Trump’s Budget Plan a Disaster for Working People, Poor

We knew it wouldn’t be good news for most Americans, but President Trump’s budget blueprint “is even worse than we could have imagined,” said AFSCME Pres. Lee Saunders. “This budget cuts nearly everything that matters to working families.”

It was always clear to us that Trump would favor his rich friends and corporations over working class Americans. But we’re surprised how quickly and audaciously Trump abandoned his campaign oft-repeated pledges to improve the lives of hard-working people that formed the core of his support during the election.

This budget plan abandons those middle class moms and pops, and their children. It will make it even harder for them to get ahead as it threatens to hollow out the very agencies, departments and programs that do, in fact, help the poor and middle class.

Here are just a few examples that should give you an idea what President Trump considers his real priorities. The key winners under Trump’s plan are:

  • Defense contractors. Spending on the military would increase in 2018 by more than $52 billion, to $574 billion. That’s a 10 percent hike.
  • Homeland security. Spending here, including for the border wall that he promised Mexico would pay for, would increase by nearly $3 billion, to $44 billion – a jump of 7 percent.

Here are just some of the losers, if this plan is adopted by Congress:

  • Poor people who depend on community services programs such as the Low Income Home Energy Assistance Program, which “helps keep families safe and healthy through initiatives that assist families with energy costs,” says the U.S. Department of Health and Human Services. HHS would take a hit of nearly $13 billion next fiscal year, a 16 percent decline.
  • People who depend on cures being researched through programs funded by the National Institutes of Health, which would be axed by nearly $6 billion – about 20 percent.
  • Elderly and impoverished people who now benefit from such critical anti-poverty initiatives as Meals on Wheels, housing assistance programs and Community Development Block Grants run by the Department of Housing and Urban Development (HUD), which would take a $4.3 billion hit – a 12 percent cut – in 2018.

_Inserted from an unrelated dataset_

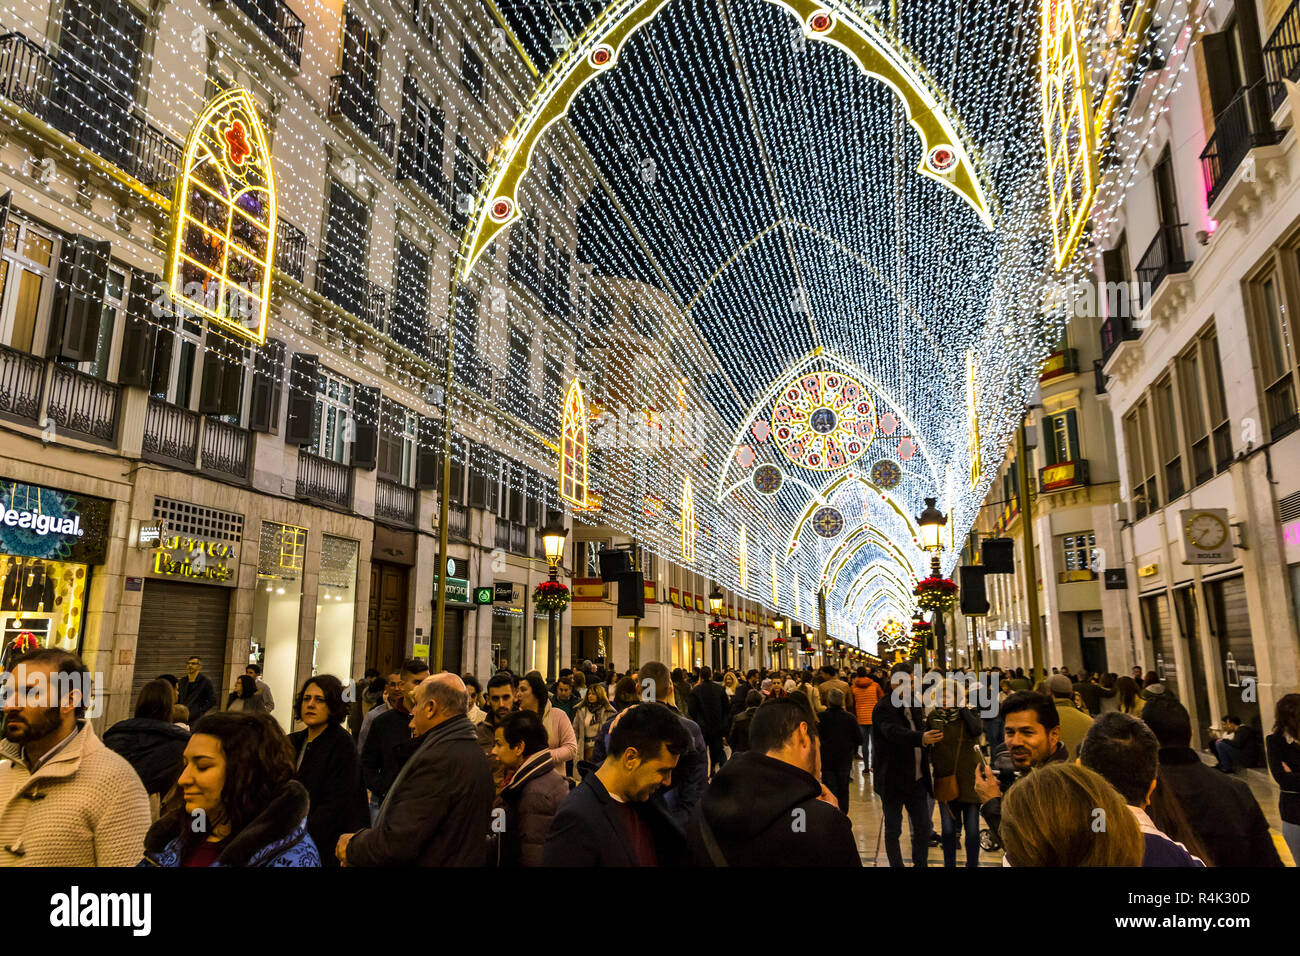 La folla di gente che cammina su Calle Marques de Larios, decorata con decorazioni di Natale, Malaga, Spagna Foto Stock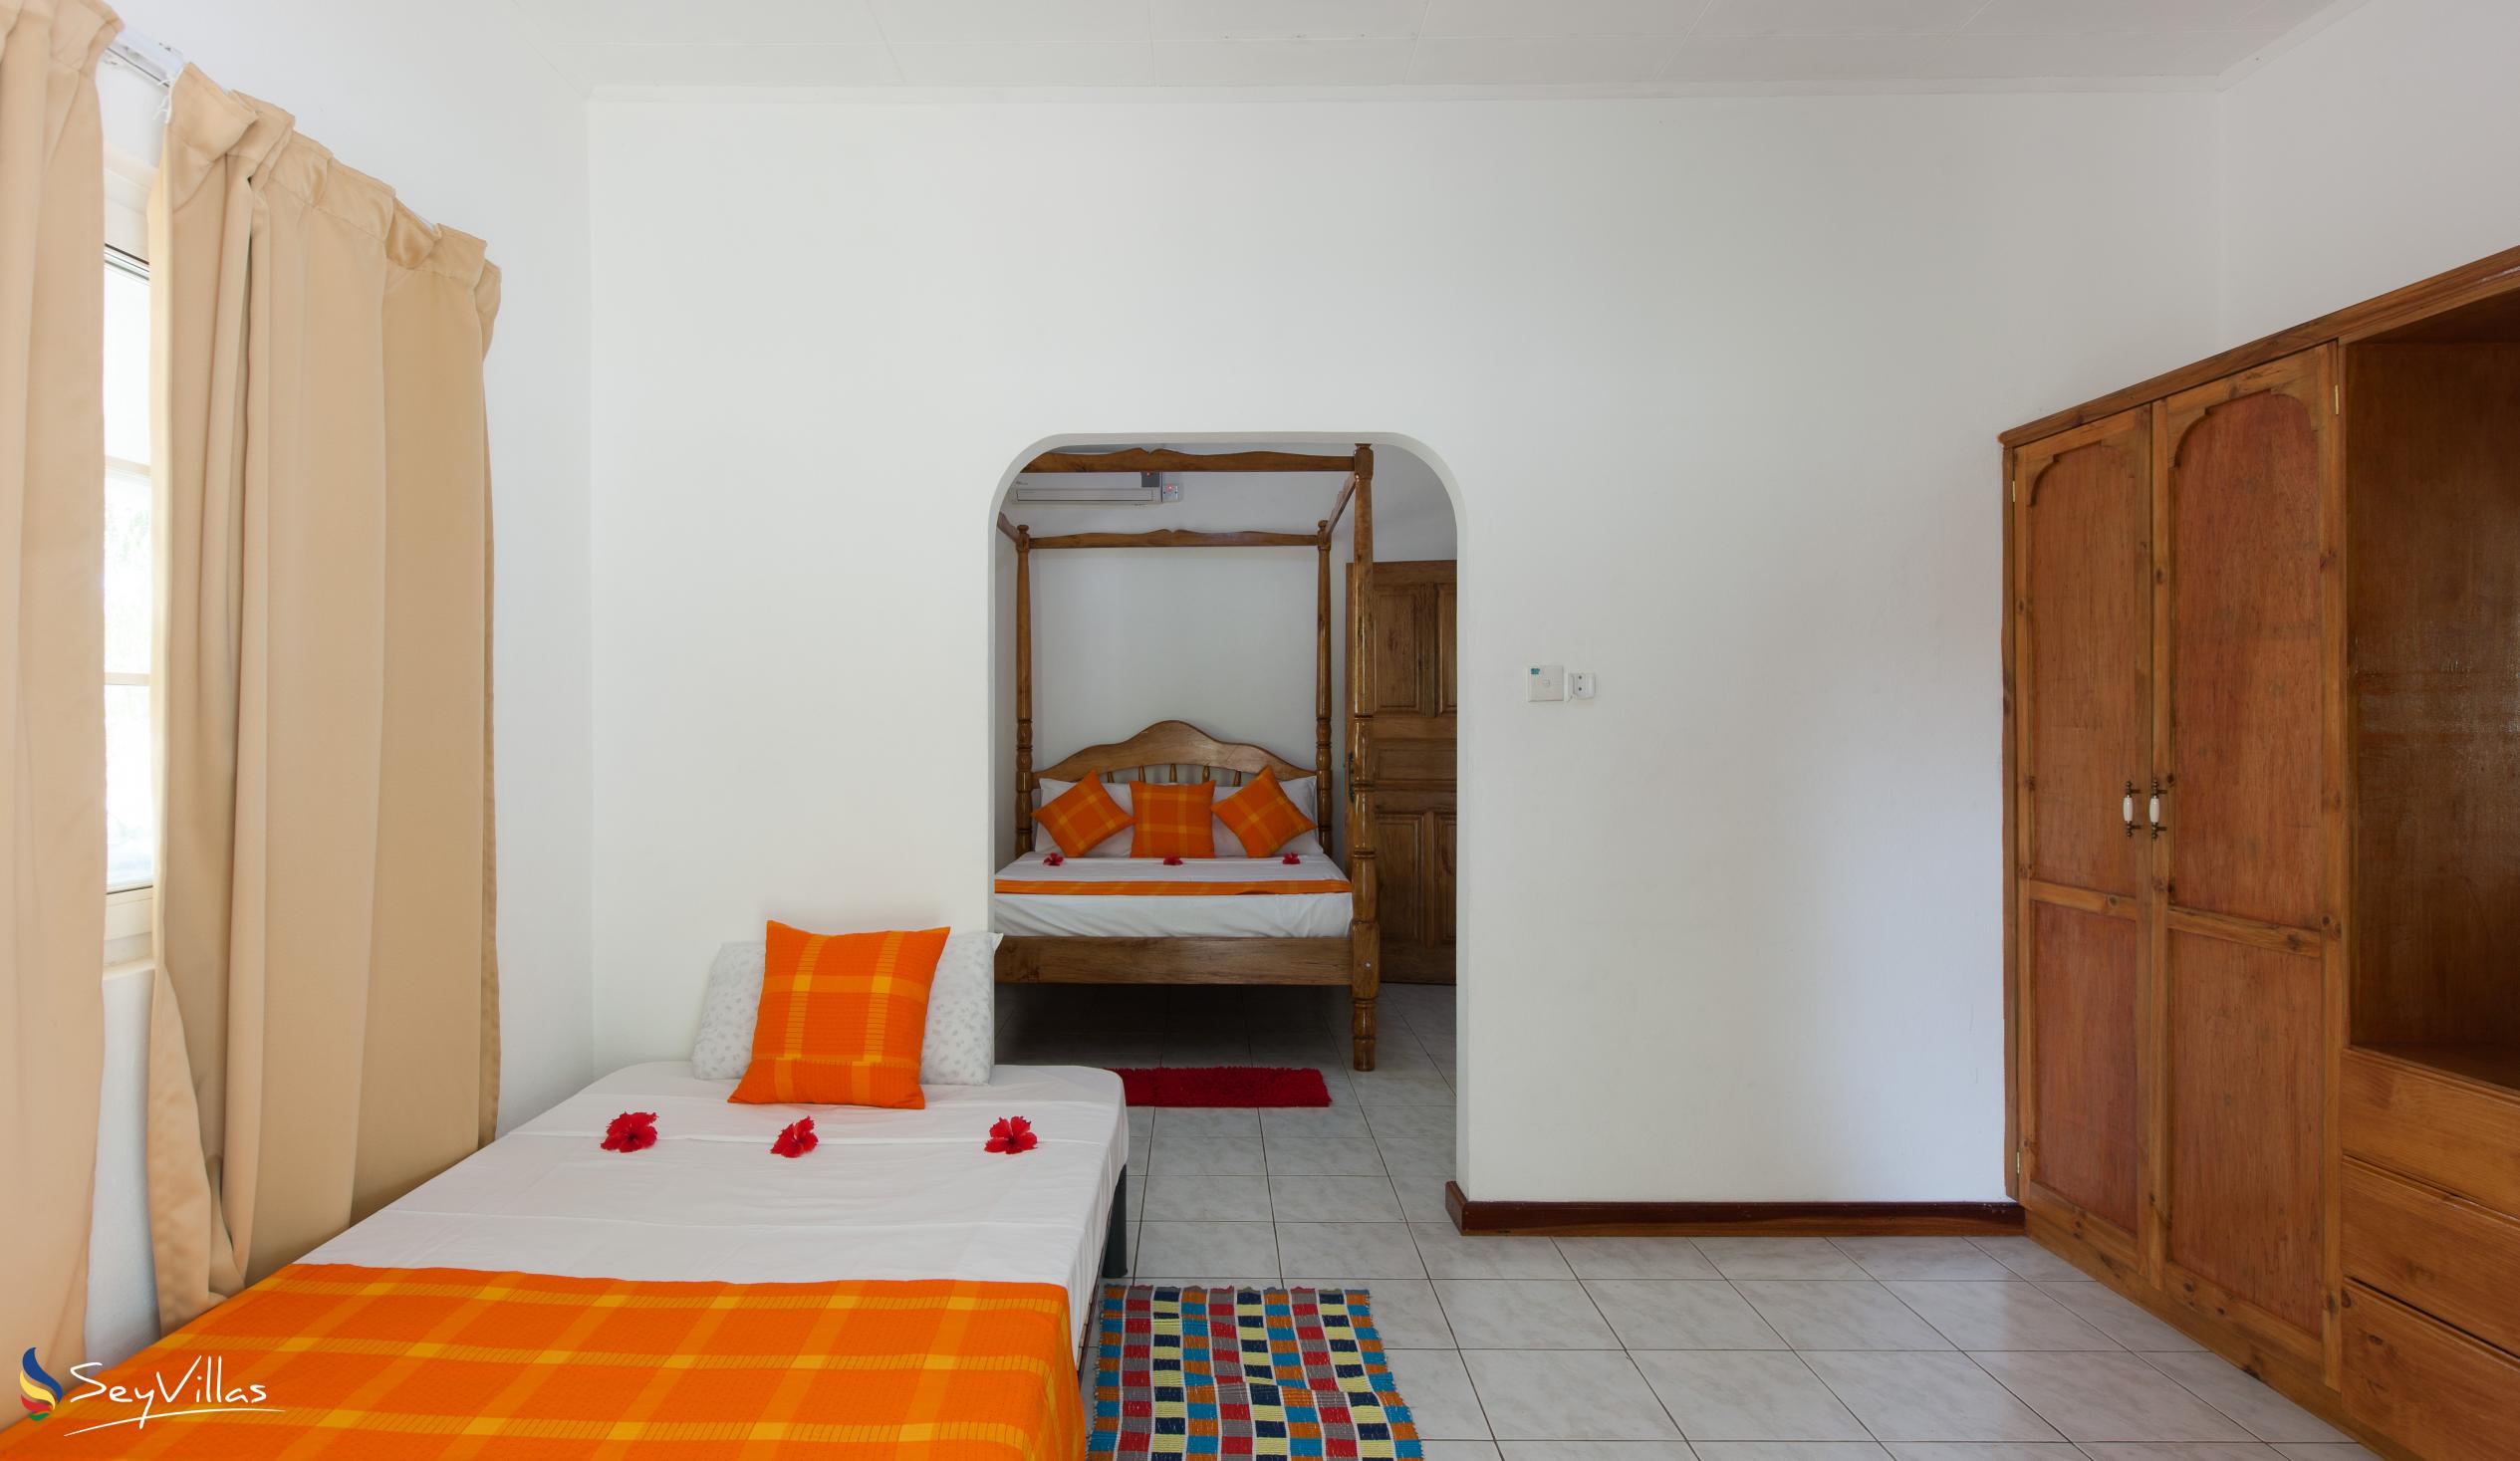 Foto 46: Villa Confort - Chambre familiale 1 - Praslin (Seychelles)

In his address to Congress on Feb. 28, Trump declared, “Above all else, we will keep our promises to the American people.” How quickly he’s forgotten his promises to all but the wealthy, corporations and extremists who want to decimate public services.

"Once again, President Trump's actions aren’t living up to the populist rhetoric of his campaign,” said President Saunders in a statement. “He is breaking promises to the struggling families who feel left behind in today's economy. This budget does not just neglect these families and communities; it goes out of its way to hurt them.”

Saunders added, “Combined with the proposed changes to Medicaid contained in the health care plan the president has endorsed, this budget will prove devastating to state budgets and the vital public services our communities depend on.”